Ok, I've figured out how to circumvent this problem for my particular project. It isn't the prettiest, but boy is it fast.
The problem is all about the MATCH. Data Migrator is performing a Match where the two choices are:
ON MATCH INCLUDE
ON NOMATCH INCLUDE
Doesn't strike me as a valuable addition to the run.
My particular structure has tens of thousands of entries of one particular element within the output file. Pretty much my file is a wrapper (the top element with a few attributes and a dozen single-copy elements within it) plus a big, massively duplicated structure within it after that. That big structure is the tens of thousands part I mentioned above, and the reason the Match runs so slowly.

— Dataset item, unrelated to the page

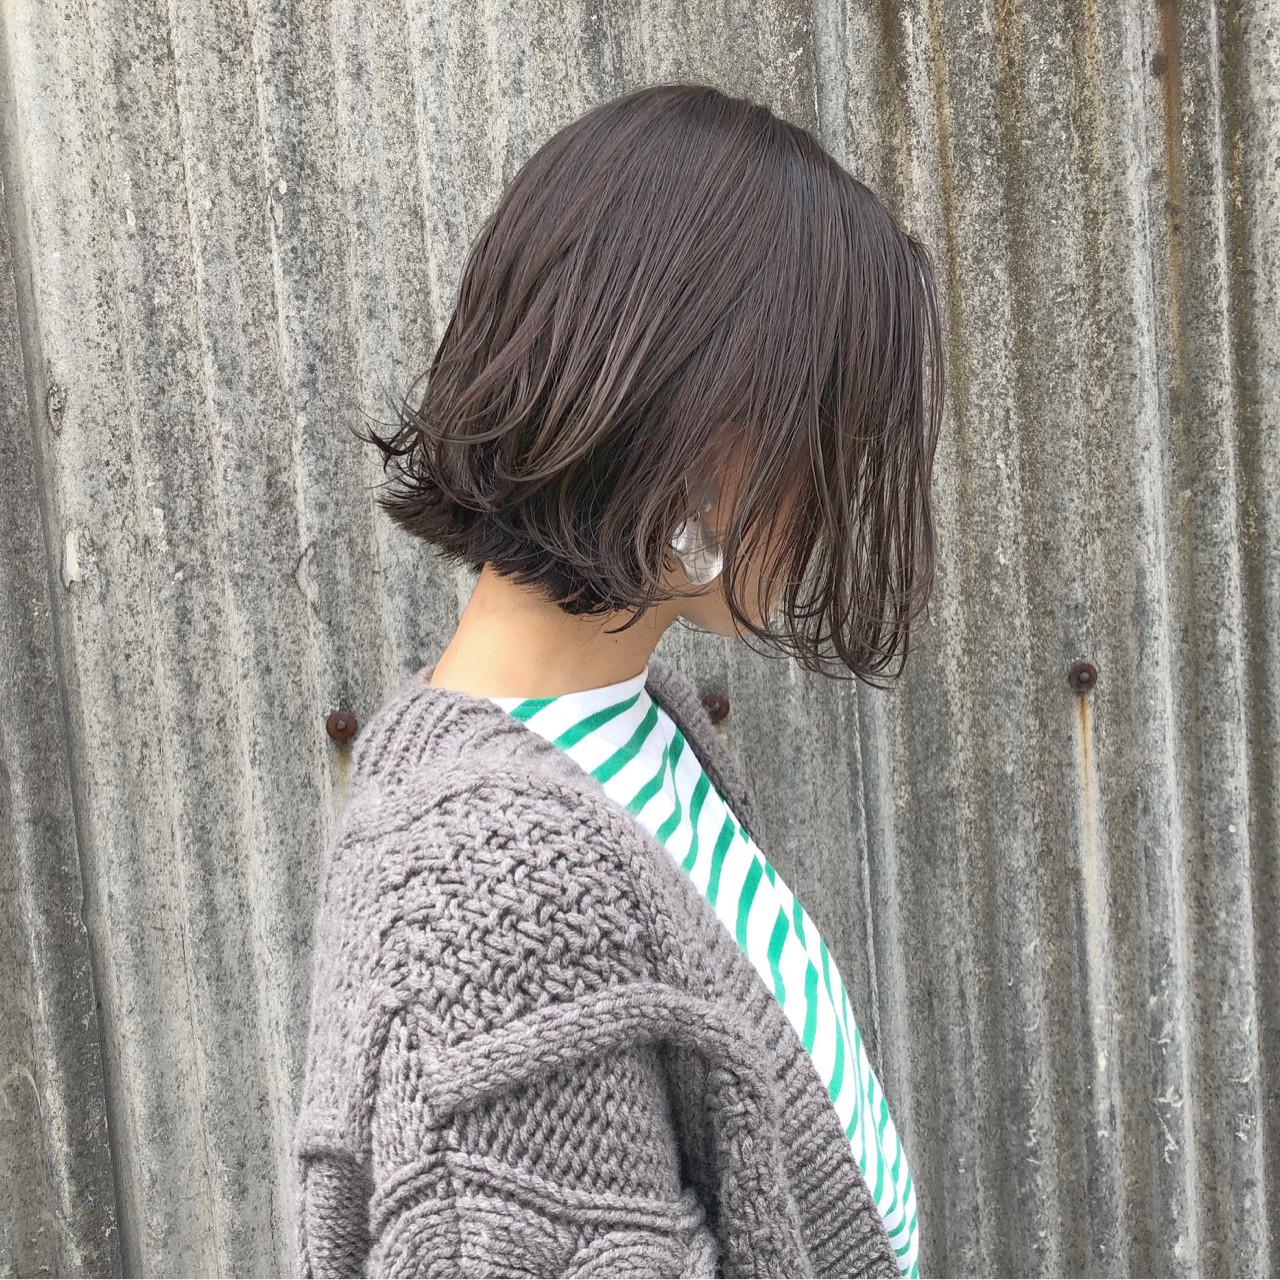 カーキアッシュ オリーブアッシュ 切りっぱなし ナチュラル ヘアスタイルや髪型の写真・画像 | 藤田成美 / bado

Data Migrator is insisting that it look for duplicates of this big structure. There's no option to avoid it. The nature of my particular situation guarantees that duplicates can't exist. At write time Data Migrator issues the MATCH which for me will never exist. As the output grows, the search time for the Match grows as well and I'm stuck waiting. The run becomes a dirge.
My solution -- I pulled the big structure out of the surrounding XML (this is the master file I'm talking about) so that the master file defines just the big, heavily-repeated structure. I created a run that only writes the big structure. The result is an XML output that has multiple copies of the big structure, but doesn't perform the Match because it considers each of them a separate doc. It puts all of them into a single text file as peers one right after the other, attaching the attribute
xmlns:xsi="http://www.w3.org/2001/XMLSchema-instance"
. . . to each one. I do a global find-and-replace on that string to remove it from the entire run. 30MB of output writes in about 15 seconds and the find-and-replace in Notepad runs in about 30 seconds. What remains is to cut and paste the wrapper on the top and bottom of this monster output.
So I'm doing the final steps by hand.
I'll be honest -- I'm not sure you necessarily want Match to happen on an XML stream output. In a case like this making it optional would have saved me hours of work and would save the product hours of execution time making it look super-fast and super slick. As it stands I cannot release the tool to my end-users, but I can respond in ten minutes when they need to adjust a calculation and resend 45,000 records.
J.